When using iteration $x_{k+1}=g(x_k),\displaystyle{g(x)=px+\frac{qa}{x^2}+\frac{ra^2}{x^5}}$ in order to find the value of $a^\frac{1}{3}$
What is value of $p,q,r$ that make the sequence converge with highest order as possible?
When using iteration $x_{k+1}=g(x_k),\displaystyle{g(x)=px+\frac{qa}{x^2}+\frac{ra^2}{x^5}}$ in order to find the value of $a^\frac{1}{3}$
What is value of $p,q,r$ that make the sequence converge with highest order as possible?
Assume $a\neq 0$ because otherwise $g(x)=px$ which we cannot tweak much.
Let $x_\infty$ be the desired limit, so $x_\infty^3=a$. The goal is to maximize the order $m$ in $$\frac{1}{x_\infty}\,g\left(x_\infty (1+\varepsilon)\right) = 1 + \mathrm{O}(\varepsilon^m)$$
Substituting the given Ansatz for $g$ und expanding into power series of $\varepsilon$, we get $$\begin{aligned} \frac{1}{x_\infty}\,g\left(x_\infty (1+\varepsilon)\right) &= p\,(1+\varepsilon) + q\,(1+\varepsilon)^{-2} + r\,(1+\varepsilon)^{-5} \\ &= p\,(1+\varepsilon) + \\ &\quad q \left(1 - 2\varepsilon + 3\varepsilon^2 -4\varepsilon^3 + \mathrm{O}(\varepsilon^4)\right) + \\ &\quad r \left(1 - 5\varepsilon + 15\varepsilon^2 -35\varepsilon^3 + \mathrm{O}(\varepsilon^4)\right) \\ &= \underbrace{(p+q+r)}_1 + \underbrace{(p-2q-5r)}_0\,\varepsilon + \underbrace{(3q+15r)}_0\,\varepsilon^2 + (-4q-35r)\,\varepsilon^3 + \mathrm{O}(\varepsilon^4) \end{aligned}$$ The values under the horizontal braces indicate what we are trying to achieve: We have three parameters $p,q,r$ available for tweaking, therefore we try to set the first three coefficients of the above series to the desired values $1,0,0$. This results in a system of three linear equations in $p,q,r$ which turns out to have the unique solution $$p=q=\frac{5}{9};\quad r=-\frac{1}{9}$$ (If more than one solution had been possible, we would have tried to zero more coefficients.)

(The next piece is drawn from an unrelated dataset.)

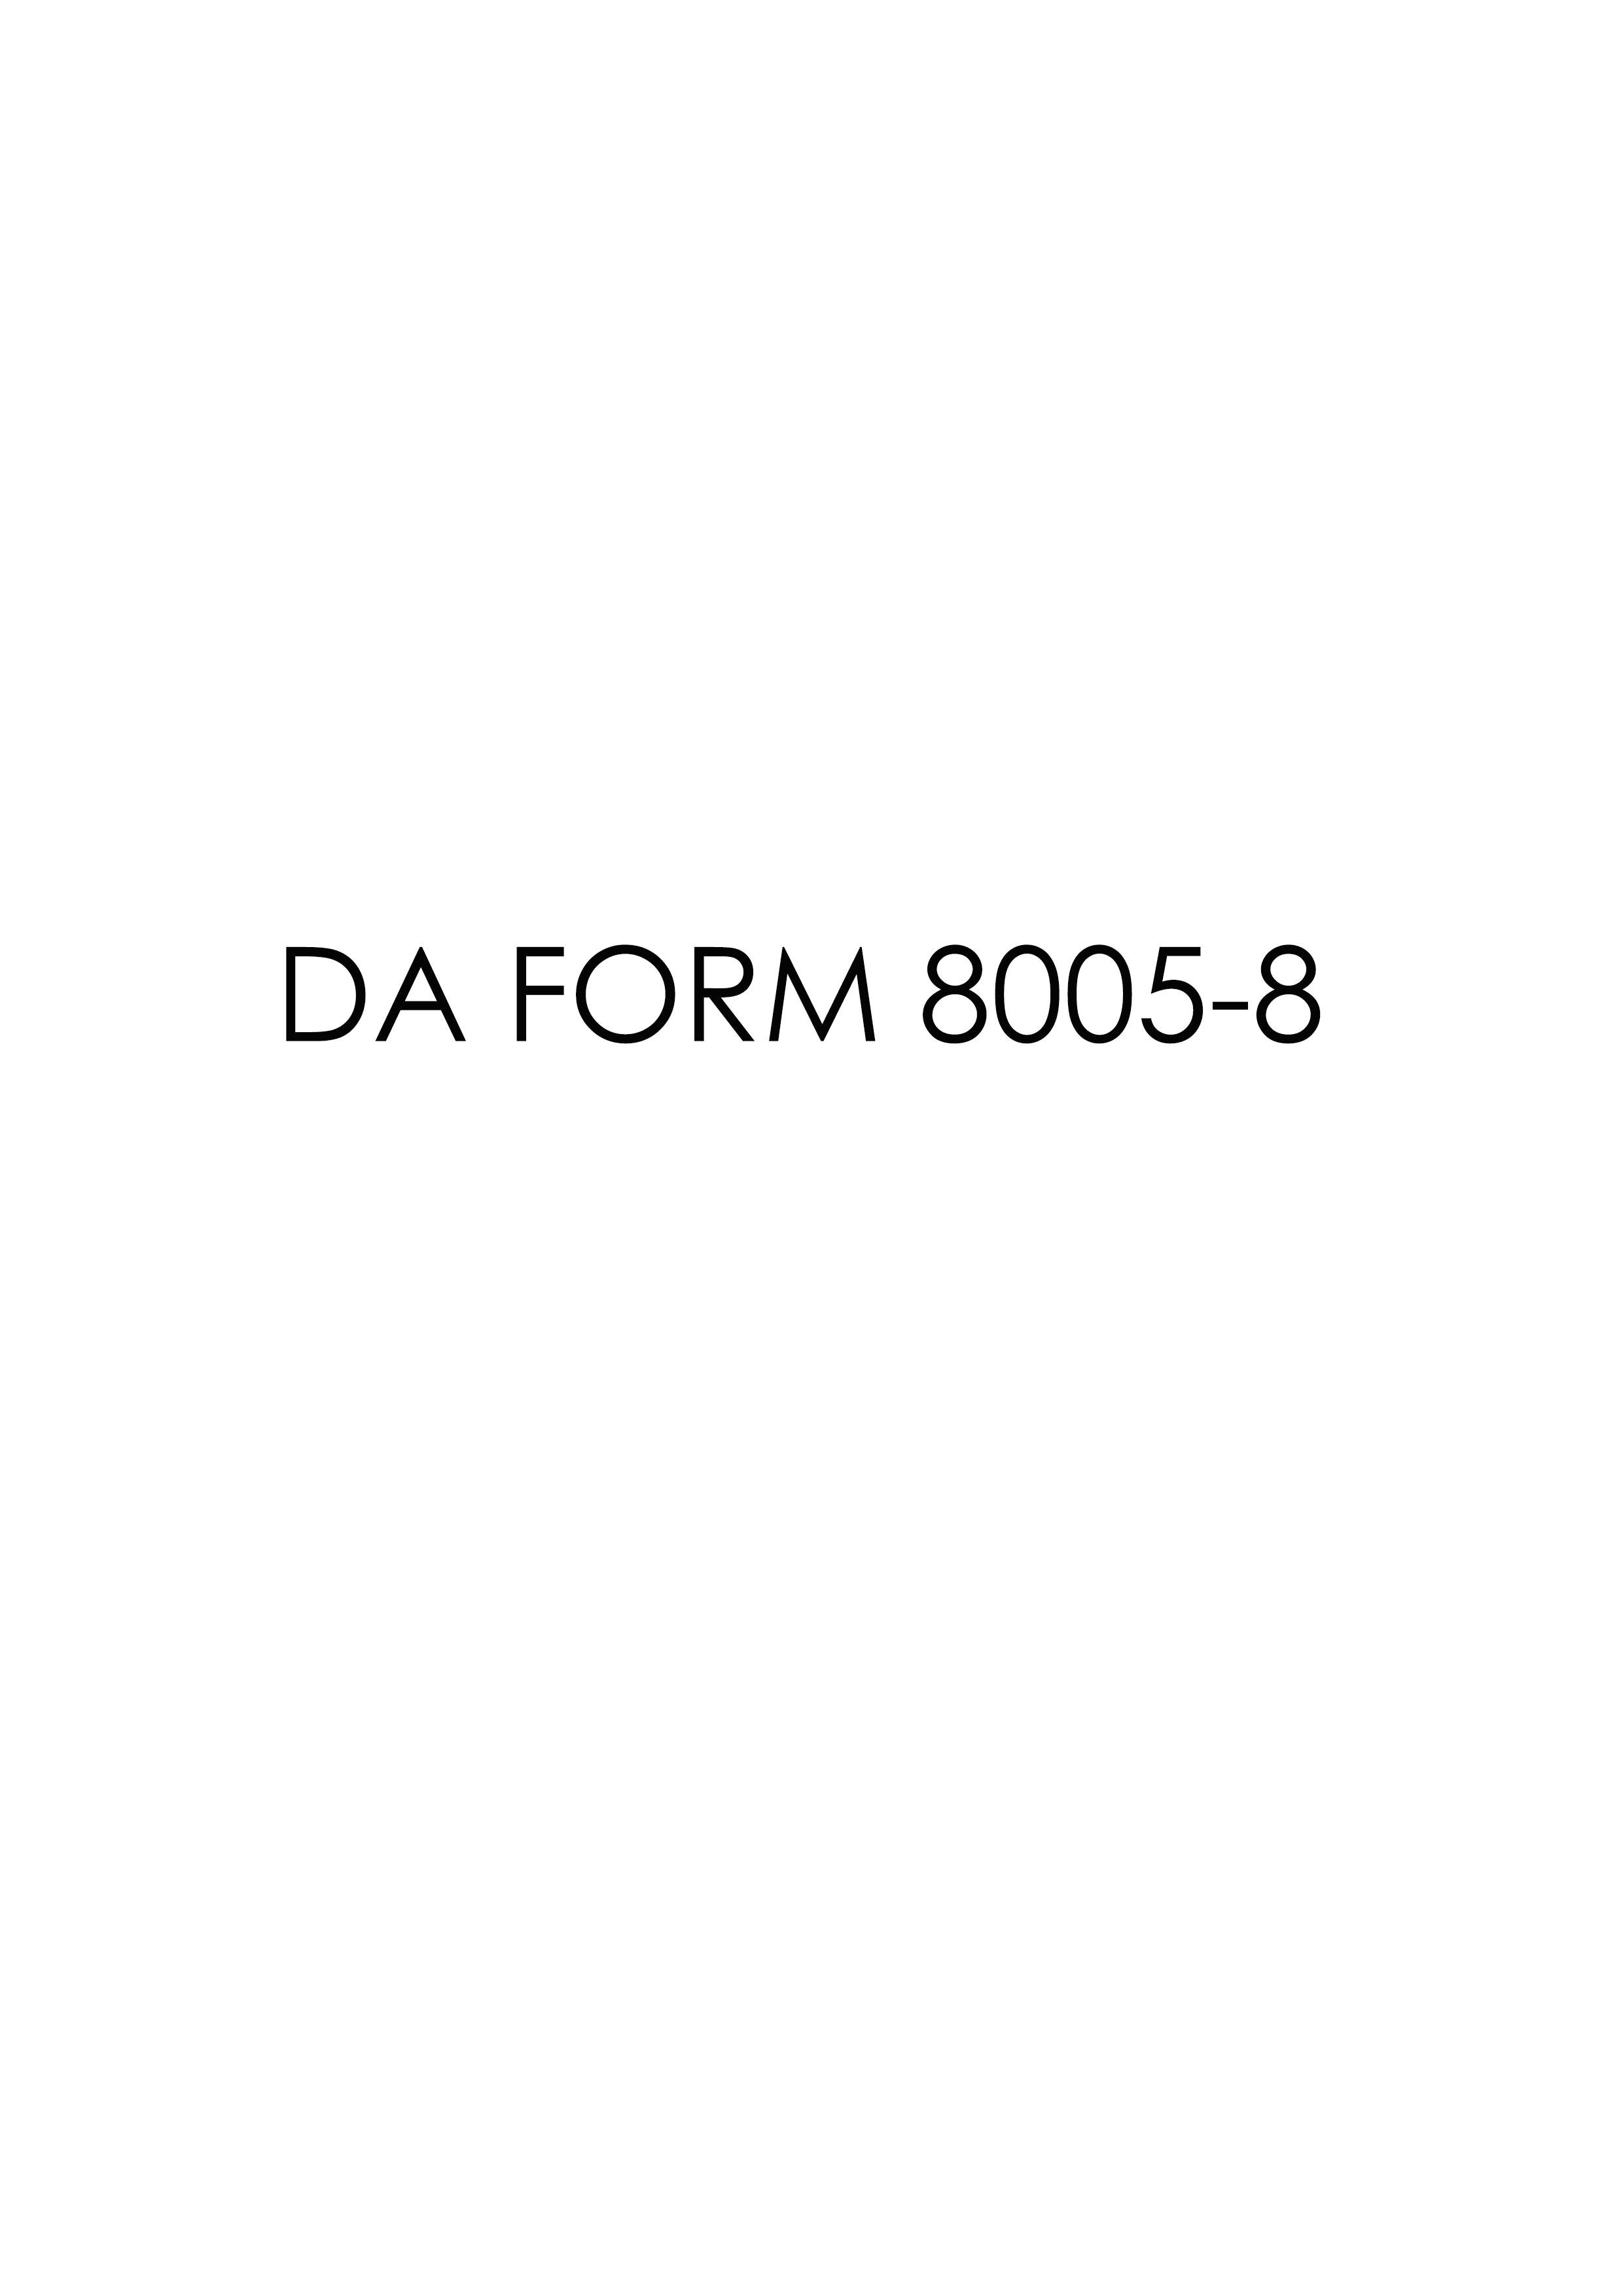 Download da Form 8005-8 Free

With those parameters our relative error estimate becomes $$\frac{1}{x_\infty}\,g\left(x_\infty (1+\varepsilon)\right) = (-4q-35r)\,\varepsilon^3 + \mathrm{O}(\varepsilon^4) = \frac{5}{3}\varepsilon^3 + \mathrm{O}(\varepsilon^4)$$ As demonstrated, any other setting for $p,q,r$ would decrease the order of convergence.
Edit: Typesetting and minor wording corrections.